━━ Collected material ━━

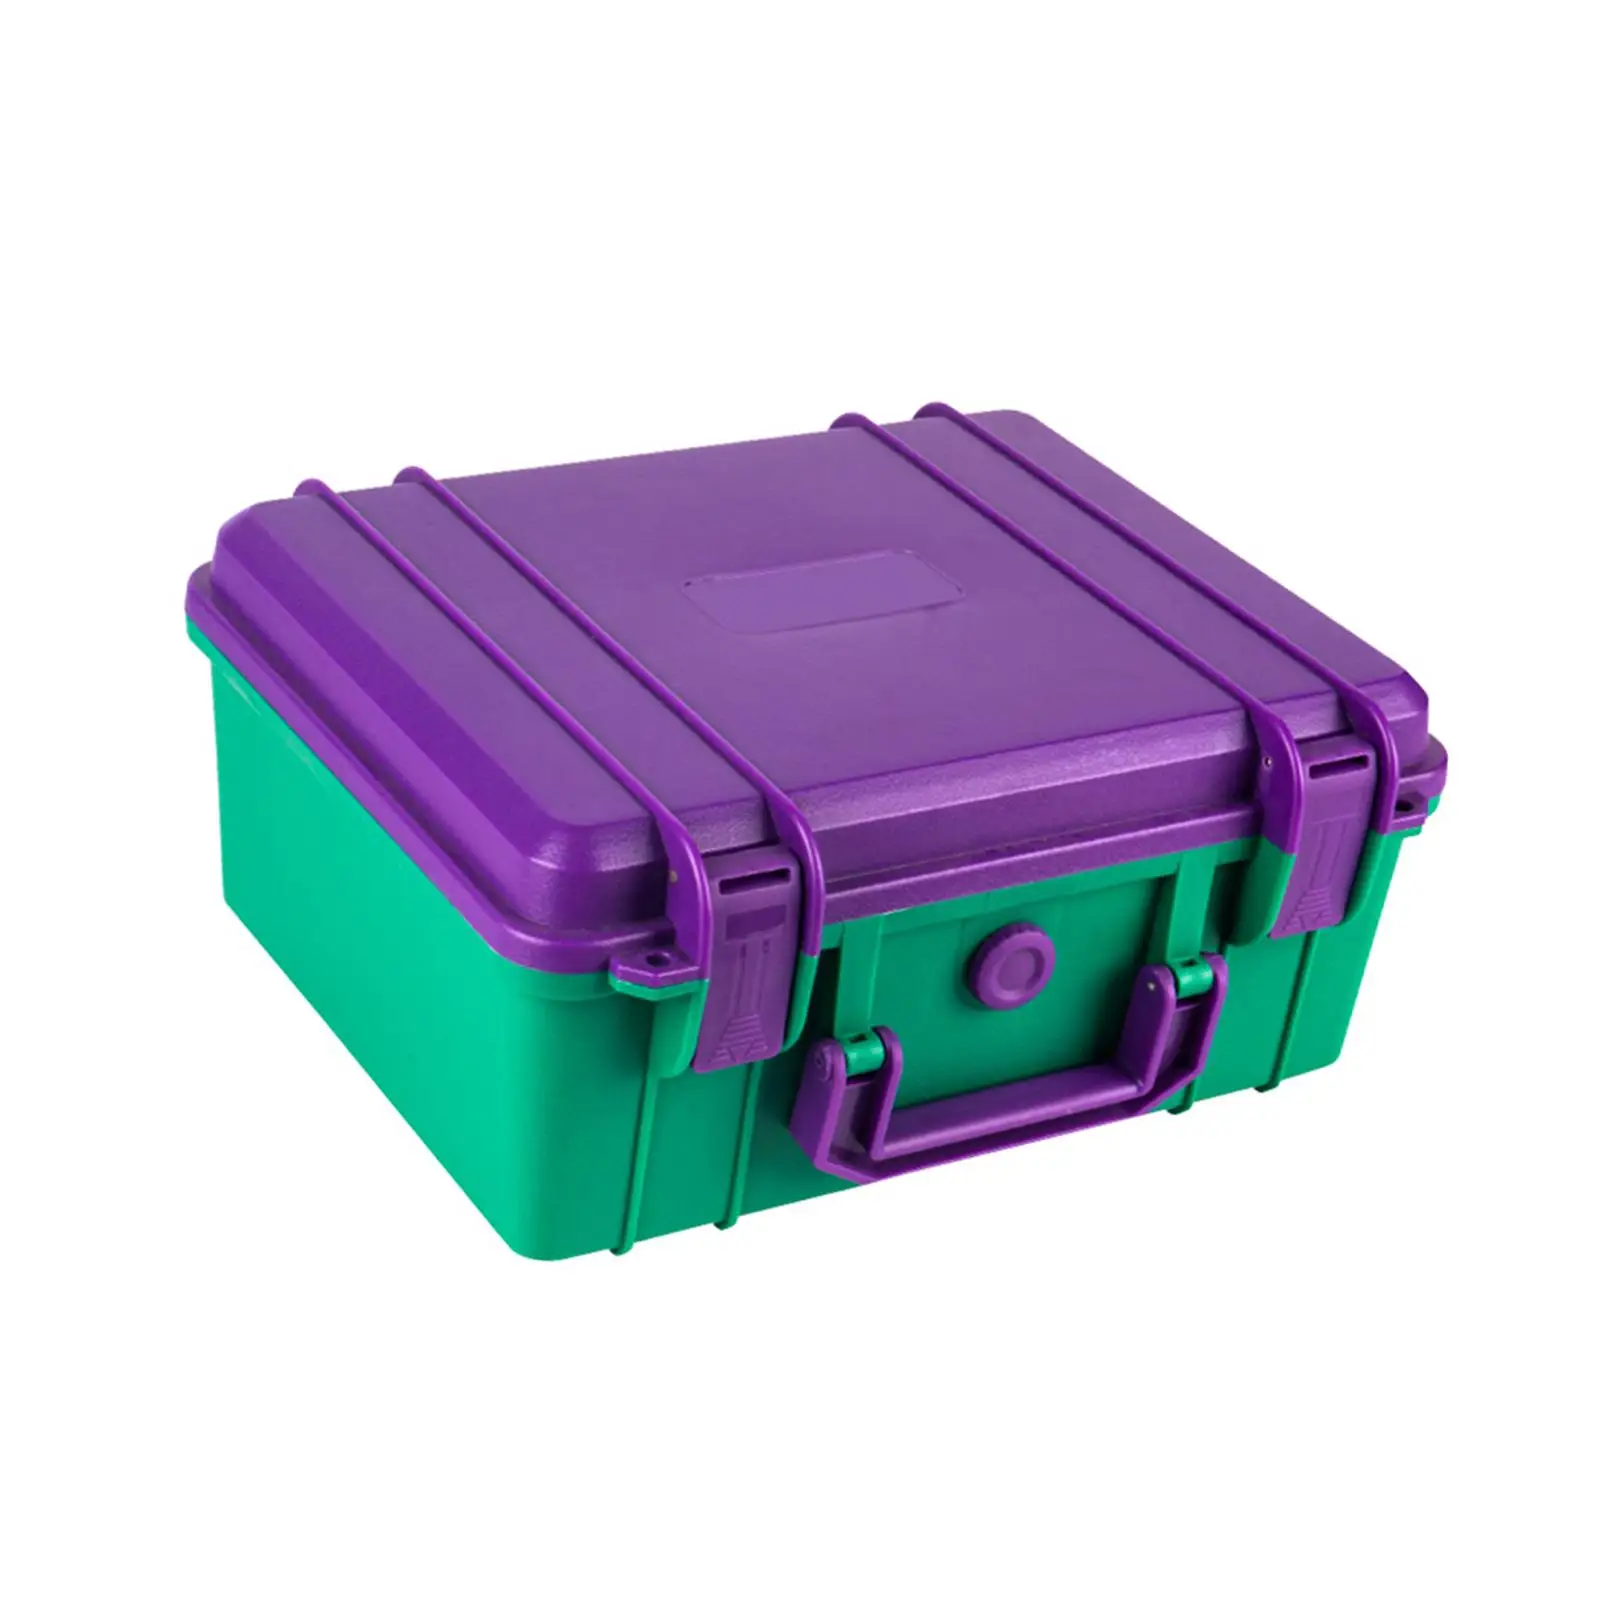 Hardware Storage Case Portable Organization Hardware Equipment Storage Violet and Green 280x240x130mm Organizer Protective Case
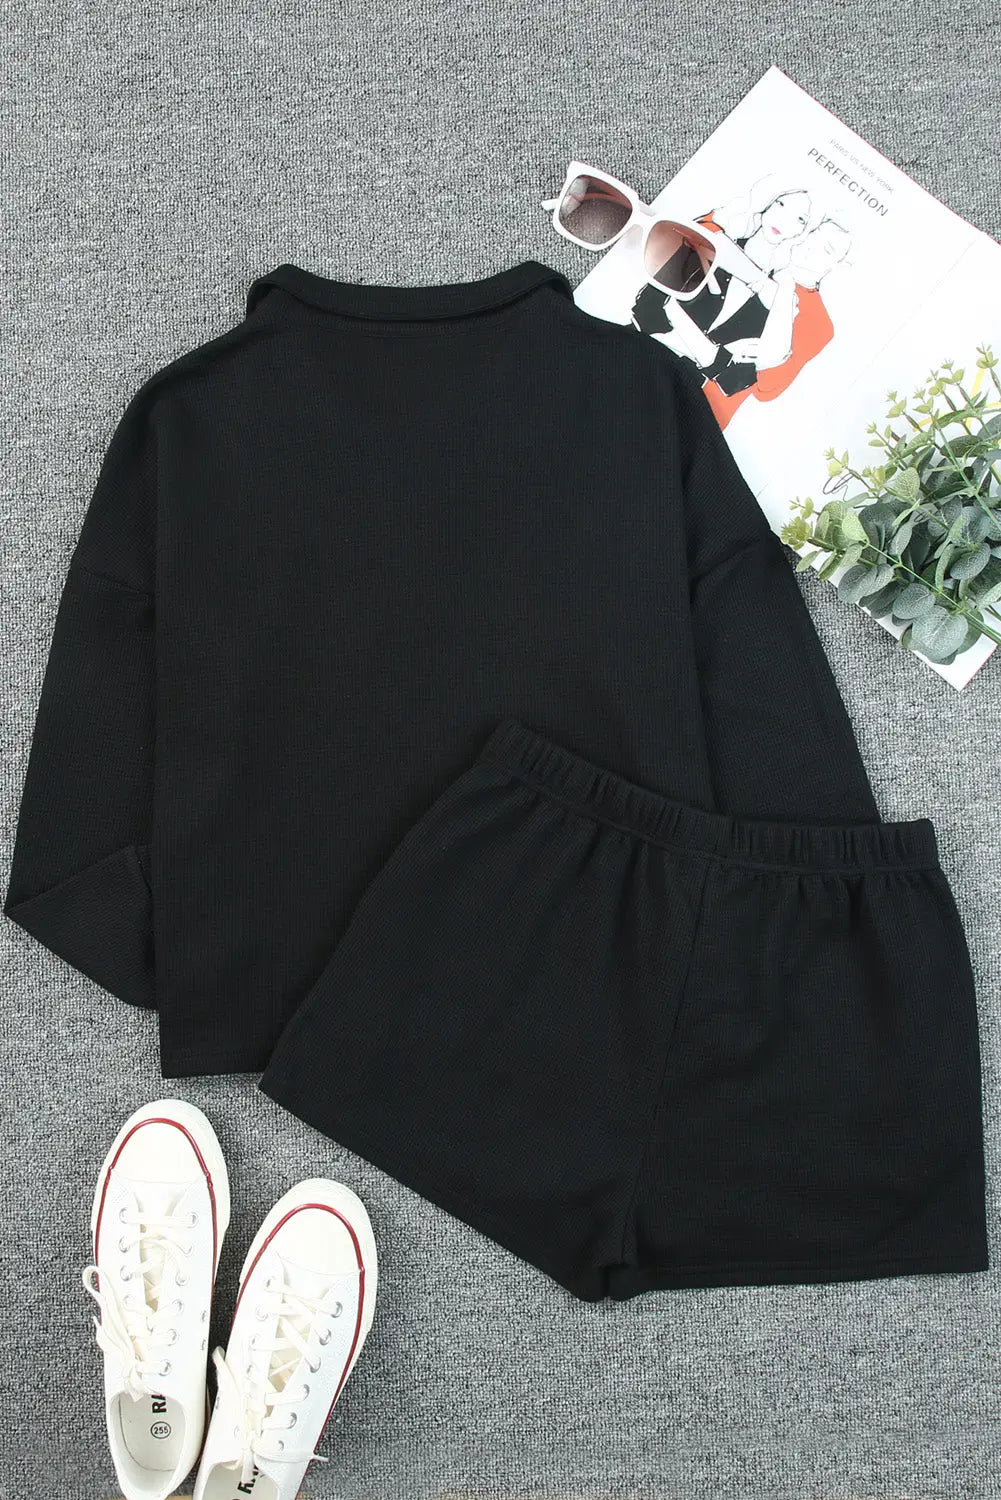 Black ribbed zipper sweatshirt and high waist shorts set - loungewear
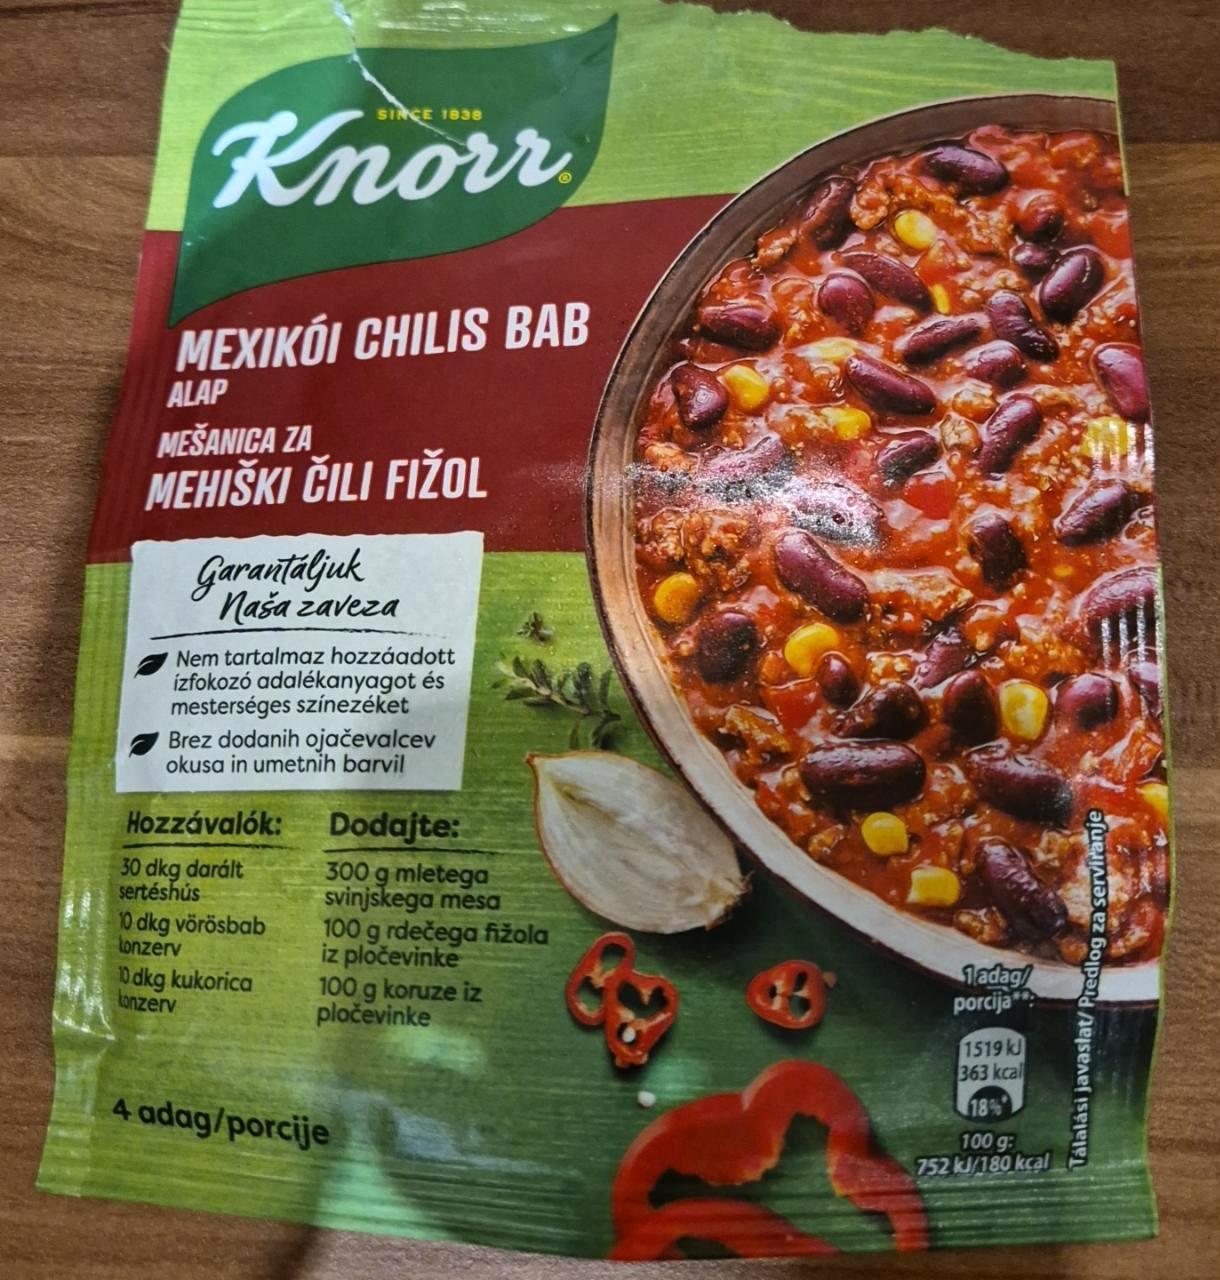 Képek - Mexikói chilis bab Knorr
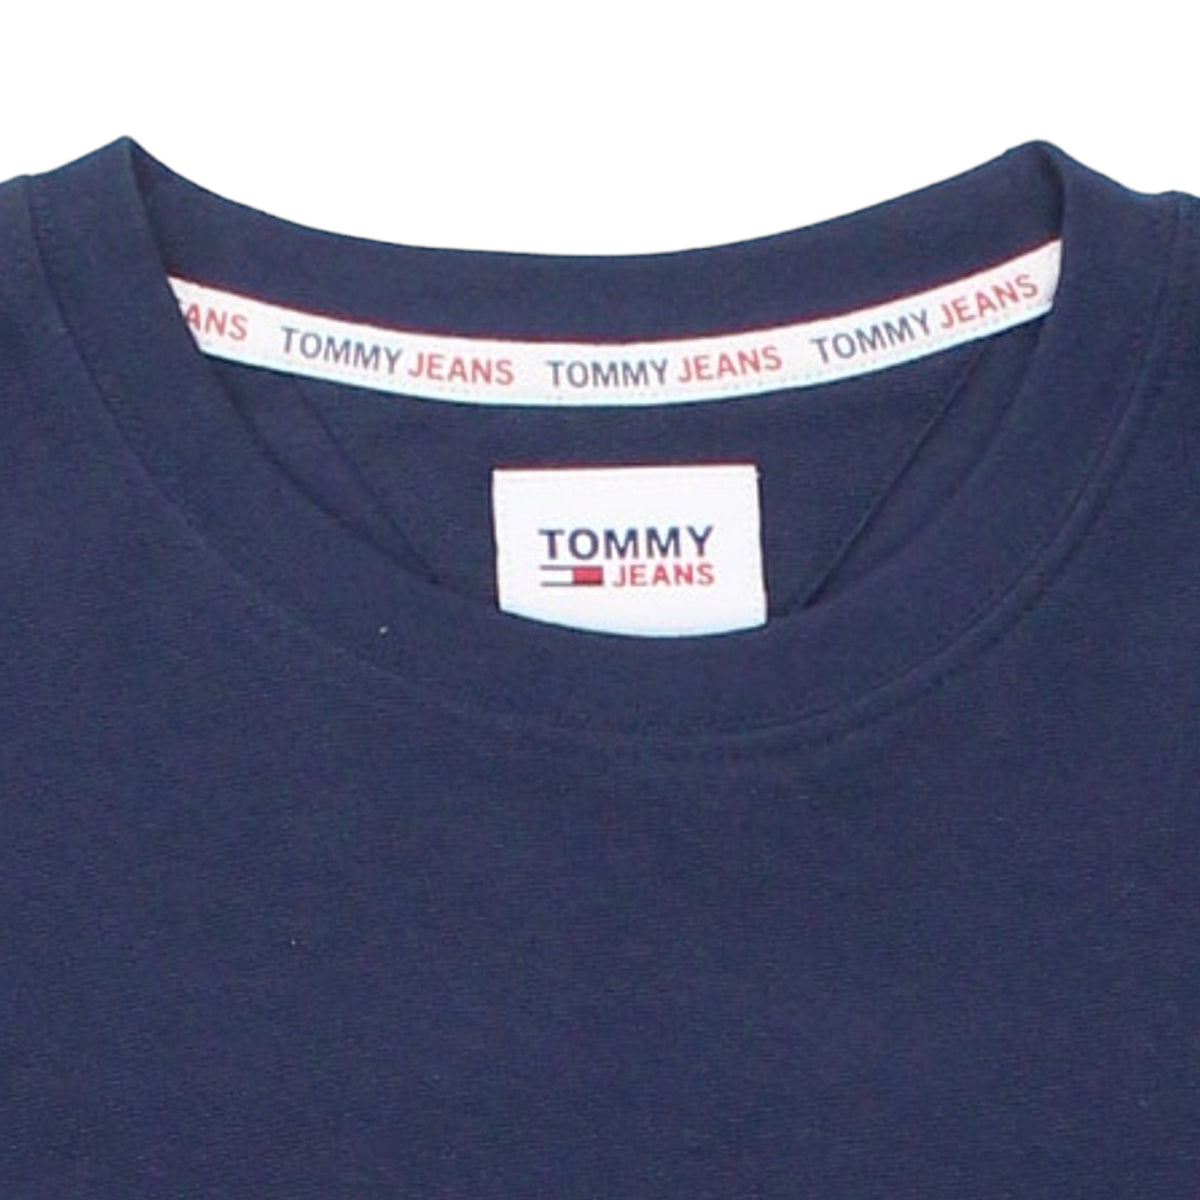 Tommy Jeans Navy Sweatshirt

━━━

* Aim of the task: Write out the material above without changing a word, and skip any picture.

* Task response:
 Hardware Storage Case Portable Organization Hardware Equipment Storage Violet and Green 280x240x130mm Organizer Protective Case
 Black ribbed zipper sweatshirt and high waist shorts set - loungewear
 Képek - Mexikói chilis bab Knorr
 Tommy Jeans Navy Sweatshirt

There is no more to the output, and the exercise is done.